Jan continued as his CASA. She visited him in his new home in September of 2013, talked to him by Skype at least once a month, talked to Shellie even more often, and participated in school and therapeutic conferences by speakerphone. Now Shellie was the one sending the pictures and videos to Jan in California.
Still, Jayden talked constantly about his adoption. It was clear that he wouldn’t be truly at ease until it was finalized, although he dreaded having to go back to California for the hearing. He refused to answer questions about his life in California and would speak of no one he knew there—except for Jan, whom he began calling Grandma Jan.
He got a nice surprise in August, when the judge agreed to conduct the final adoption hearing from Los Angeles via Skype.
“Mom, I’m adopted now, so I don’t have to go back to California,” he said afterward. “We’re a family now. You’re my mom and I’m your son and that’s it. It’s all done.”
“You’re right. It’s all that,” Shellie told him.
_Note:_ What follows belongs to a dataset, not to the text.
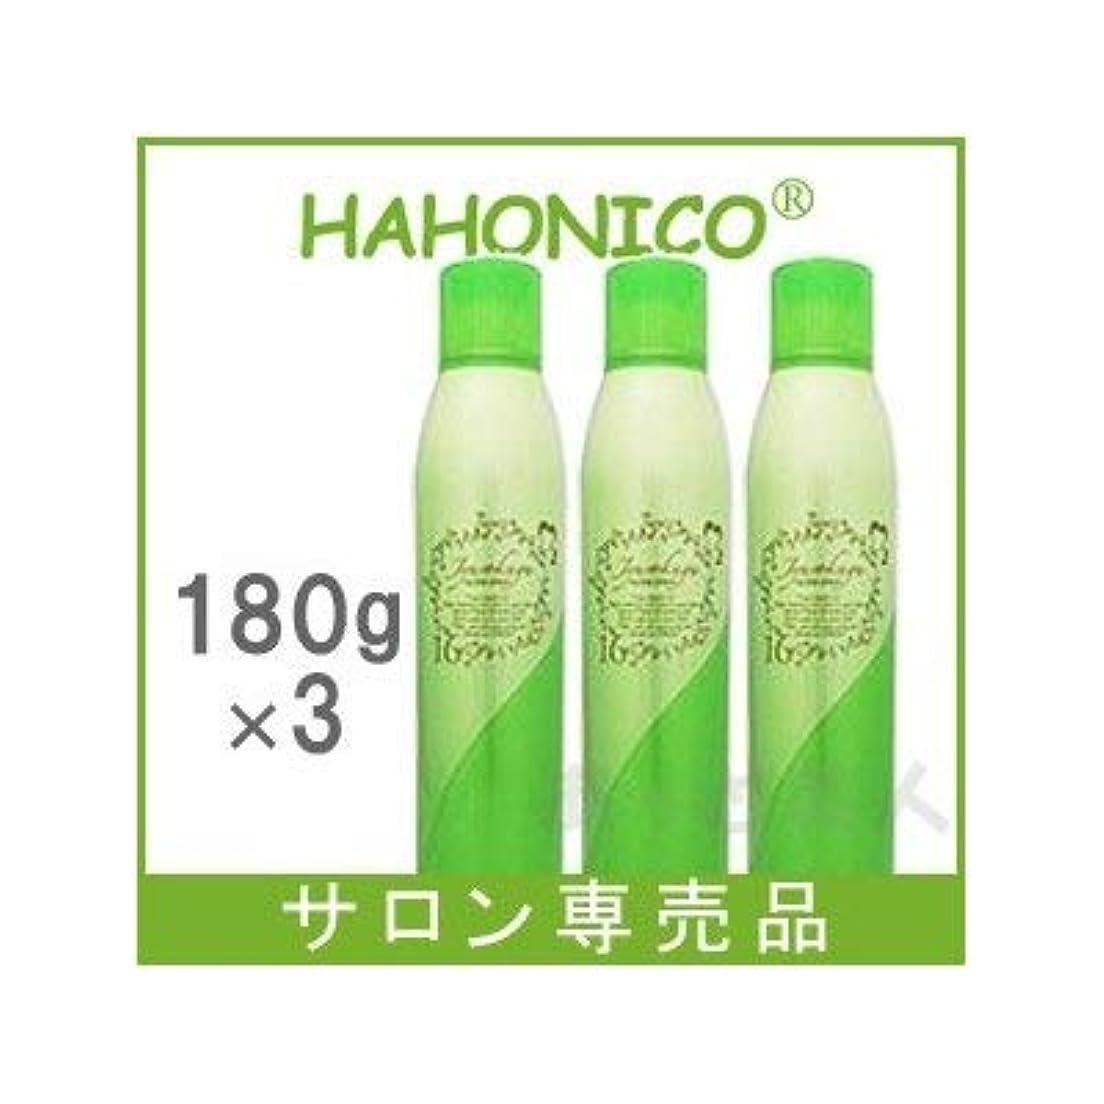 ユーモラス祝福給料【X3個セット】 ハホニコ ジュウロクユ ツヤスプレー 180g 十六油 HAHONICO

With that, the last of his insecurity about his family melted away. Now Jayden talks instead about school, cars, food (he’s eating on his own), and—his favorite activity—Buddy Baseball, in which an able-bodied boy hits the ball for him and he runs the bases in his wheelchair. His prognosis is still in many ways uncertain and he often asks whether eventually he will be able to, say, drive a car or walk on his own, but he has a poise about it all that can only be described as precocious.
“I may not be able to do everything other kids can do,” he says, “but I can do them my way.”